*WORK REQUEST*
Transcribe the listing below verbatim, omitting pictures.

*DATA BELOW*

--------------------

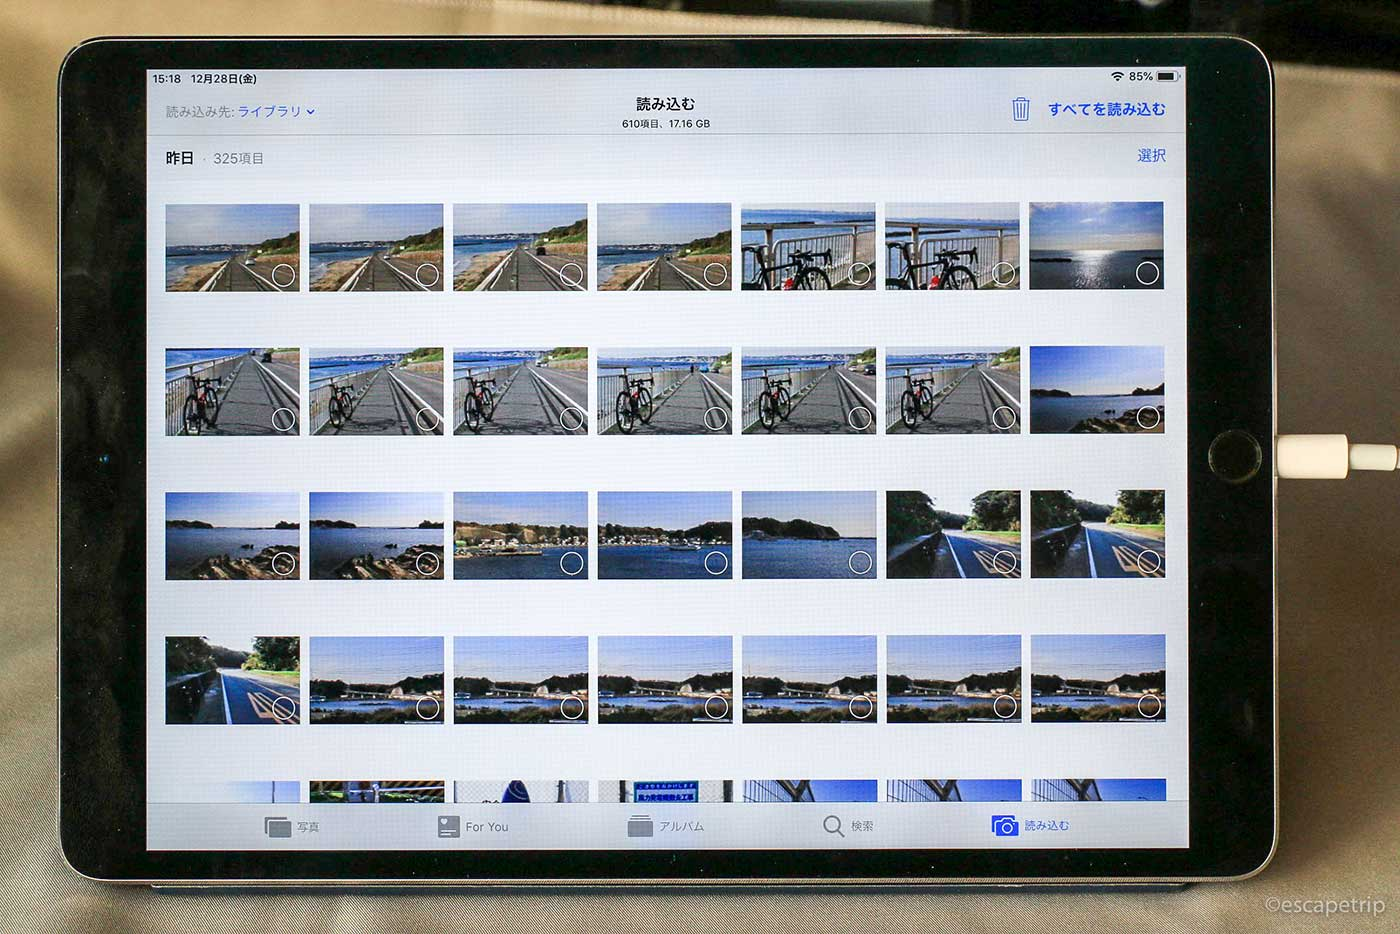 自動的にiOS標準写真アプリが起動
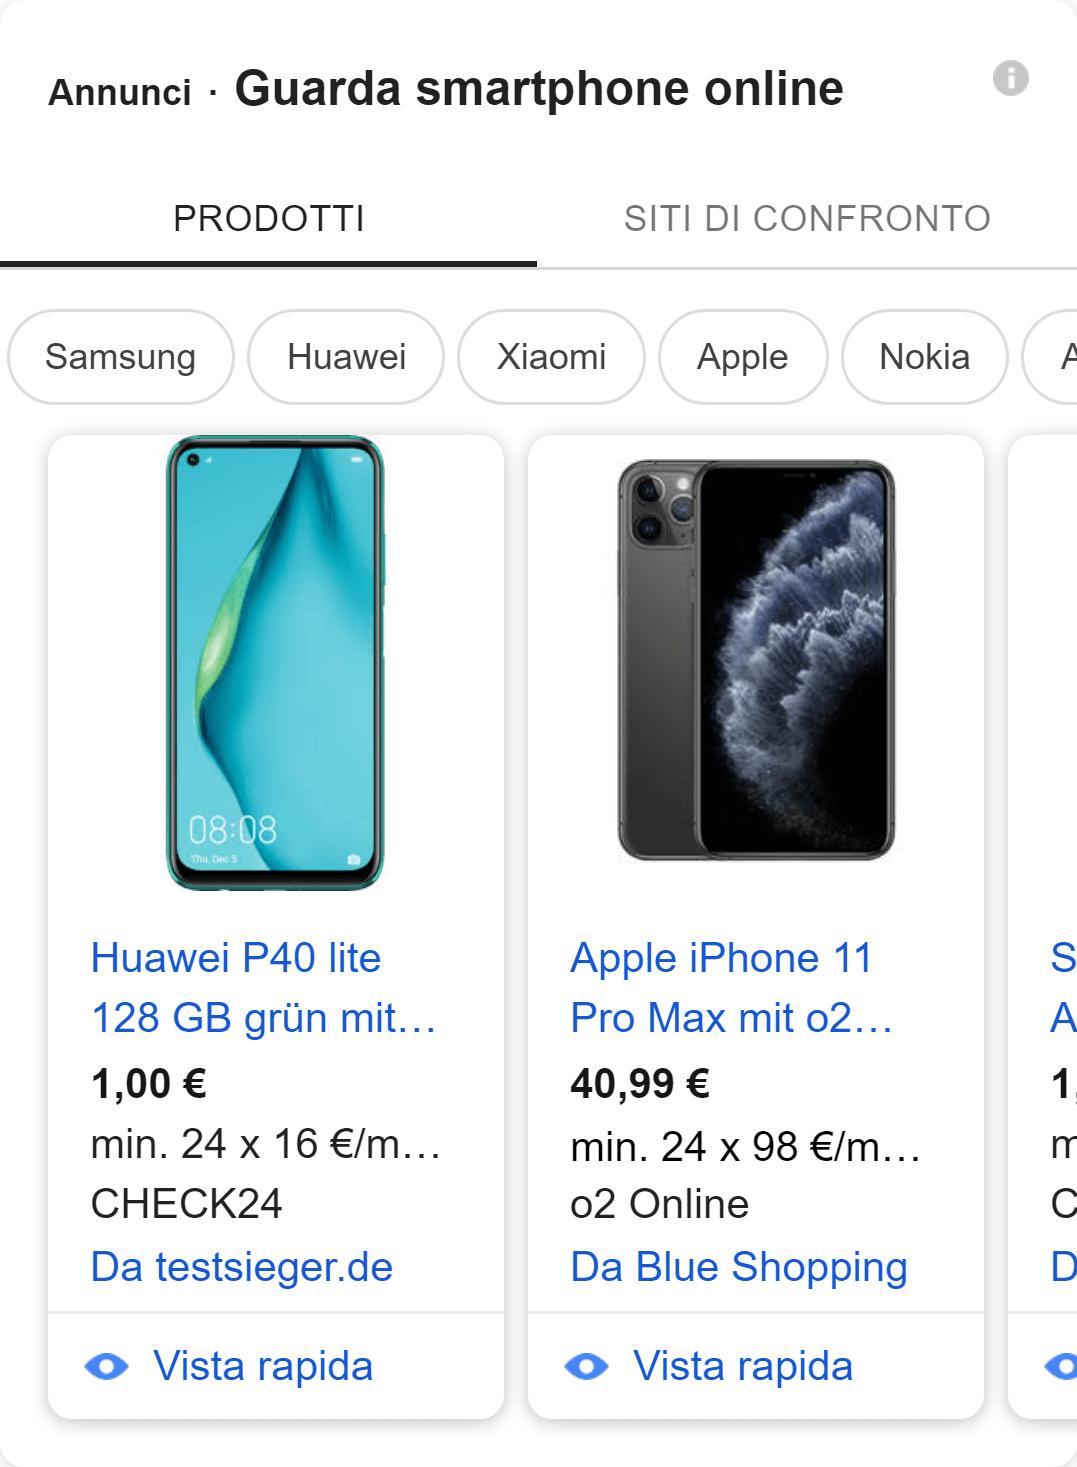 Esempio di annuncio Google Shopping
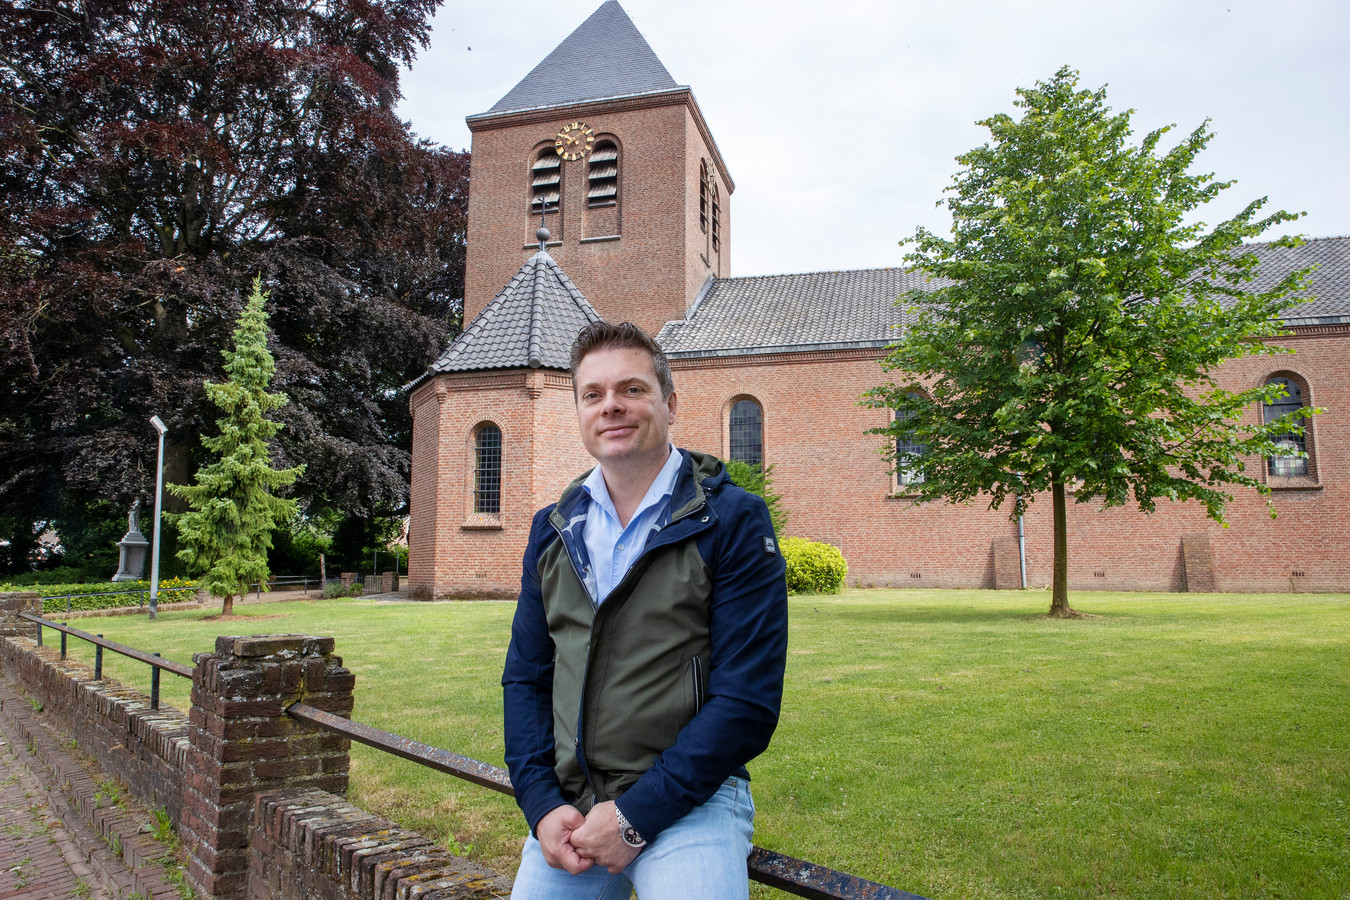 Koen Waijers ziet perspectieven voor de Ollandse kerk met behoud van historische elementen.

--------------------

*EXPECTED ANSWER*
 自動的にiOS標準写真アプリが起動
 Esempio di annuncio Google Shopping
 Koen Waijers ziet perspectieven voor de Ollandse kerk met behoud van historische elementen.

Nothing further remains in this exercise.